Из коридора через дверь камеры проникала вонь мочи, смешанная с дешевым дезинфицирующим средством. В этой вони угадывался также легкий запах школьных обедов, состоявших из переваренных овощей и рагу из мяса, чье происхождение не определялось ни на вид, ни на вкус. Стены камеры украшали каракули людей, которые, хотя им под руку и попалась шариковая ручка, не смогли написать ничего внятного. Они просто хотели почувствовать себя живыми, оставив здесь маленький кусочек себя перед тем, как двигаться дальше. Вполне возможно, что большинство находившихся в этих камерах отправлялись прямиком в тюрьму. От соседок по хостелу для находящихся под поручительством Мария уже была наслышана о женских тюрьмах. Обитательницы хостела с непонятным ей радостным энтузиазмом уверяли, что женские тюрьмы еще хуже мужских. Для того чтобы заключенные были более спокойными, там широко использовались психотропные препараты. Психическое и физическое давление, а также рукоприкладство были в них самым обычным явлением. Новых заключенных в качестве проверки на прочность ждали пытки. Одна из обитательниц хостела рассказывала, как ее держали за руки у стены и плеснули на грудь кипятком. У той дамы были соответствующие рубцы, доказывающие, что ее история носила, скорее всего, сугубо персональный характер.
Кстати, о шрамах. Ее собственные станут видны всем, когда заключенные будут принимать душ, что привлечет к ней лишнее внимание. Почти два десятилетия жизни с одним Эдвардом, а потом сразу тюрьма – невелика радость. Жить придется в камере с одной или двумя соседками – ни тишины, ни покоя. Есть даже вероятность слишком близко познакомиться с кем-нибудь из заключенных – от этой перспективы Мария внутренне содрогнулась. Ее откровенно пугала сама мысль о том, что ею будут управлять и командовать охранники и начальник тюрьмы, которые вполне могут оказаться похожими на Эдварда.
Охранник открыл дверь камеры, и в нее вошел Джеймс Ньюэлл.
– Всё в порядке? – спросил он.
– В полном, – Мария улыбнулась. – Пожалуй, я откажусь от сегодняшнего ланча. Что там происходит наверху?
– Прорвались члены группы защиты прав животных и сторонники доктора Блоксхэма. Спасем барсуков, сохраним девственную природу, долой новое строительство, под которое надо вырубать лес… И так далее. К вам это не имеет никакого отношения. Просто эти люди увидели возможность засветиться перед массой журналистов и этой возможностью воспользовались.
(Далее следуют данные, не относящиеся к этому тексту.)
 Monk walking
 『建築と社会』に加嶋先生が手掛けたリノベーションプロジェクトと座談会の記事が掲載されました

Вскоре судья сделает свое заключение о процессе. На улице много телекамер. С этого дня нам придется выводить вас из здания с сопровождением.
– Не очень удачно, что все это началось сразу после вашей речи. Мне кажется, что вы прекрасно выступили. Присяжные вас внимательно слушали. – Мария набралась смелости и села на кровать, положив руки на живот и мечтая лишь о том, чтобы остаться одной. Гораздо проще быть смелой, когда никто не смотрит на тебя с такой жалостью. – У нас с вами был один разговор, который я не хотела доводить до конца. Судья уже прослушала дело. Сколько мне дадут, если признают виновной?
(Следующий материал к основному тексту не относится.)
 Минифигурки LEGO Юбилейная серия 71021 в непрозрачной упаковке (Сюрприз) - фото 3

– Вы уверены, что хотите сейчас об этом говорить? До этого вы четко дали понять, что нам надо сконцентрироваться на решении присяжных. Почему вы вдруг изменили свое мнение? – спросил адвокат, снимая парик и вешая его на колено.
– Наверное, потому, что меня отвели в камеру и закрыли за мной железную дверь. Не переживайте, я не сломаюсь. Мне просто кажется, что настала пора готовиться к самому худшему.
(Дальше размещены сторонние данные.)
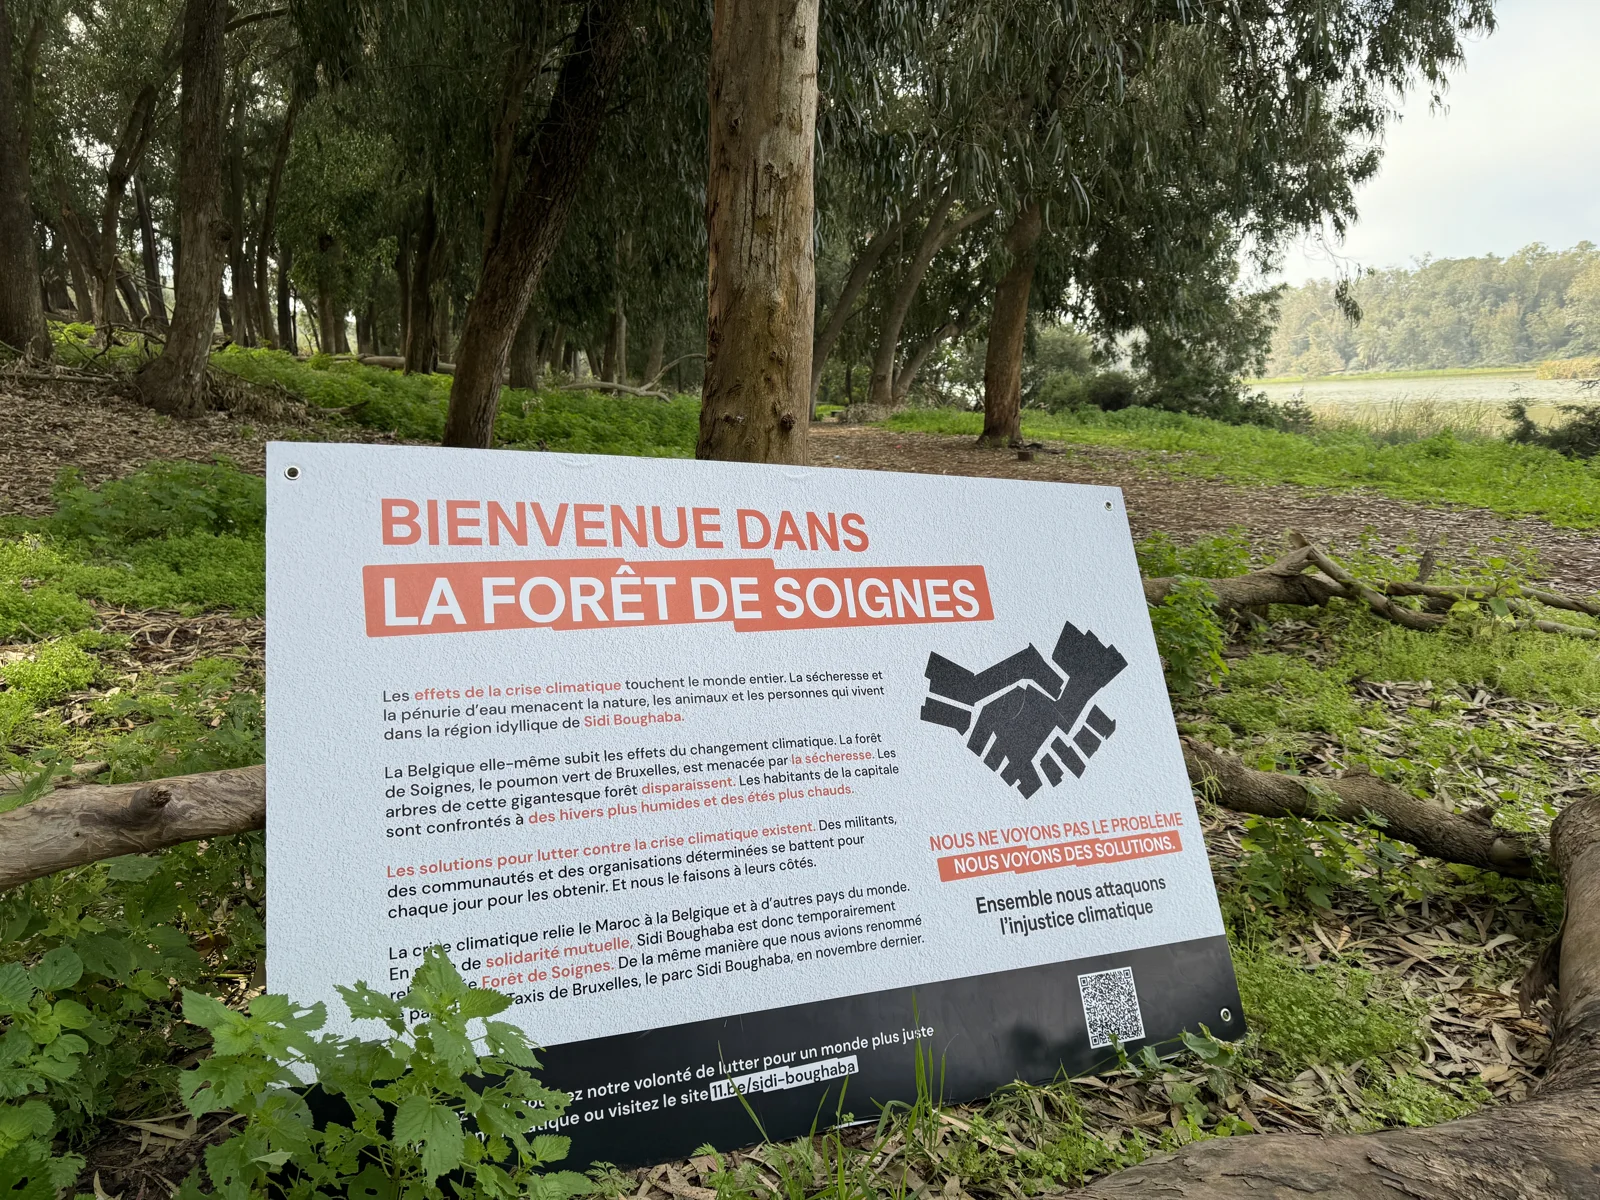 Een bord geplaatst voor een bos, heet bezoekers welkom in het Zoniënwoud.

Ньюэлл, кивнув, потер друг о друга ладони, словно ему вдруг стало холодно. Мария почувствовала, что на самом деле камера оказалась самым холодным местом, в котором ей пришлось побывать со времени начала жары. Однако почему-то сейчас она не особо радовалась этому факту.
– Все зависит от того, как судья отнесется к тому, что вы говорили. Если она поверит в то, что над вами издевались в течение долгого времени, но при этом у вас не было достаточно оснований прибегать к насилию, она может дать вам достаточно небольшой тюремный срок, скажем, от пяти до десяти лет, принимая во внимание то, что до этого вы не совершали правонарушений.
– А если судья решит, что я – хладнокровная убийца, которая позарилась на деньги мужа?
– Тогда, учитывая тяжесть нанесенных доктору Блоксхэму увечий, вам грозит срок приблизительно в двадцать лет, – ответил адвокат, глядя ей прямо в глаза.
Он даже глазом не моргнул, с уважением отметила про себя Мария, молодец. Впрочем, может быть, это просто часть его работы.
– Из них вы реально отсидите приблизительно две трети срока, – добавил Ньюэлл.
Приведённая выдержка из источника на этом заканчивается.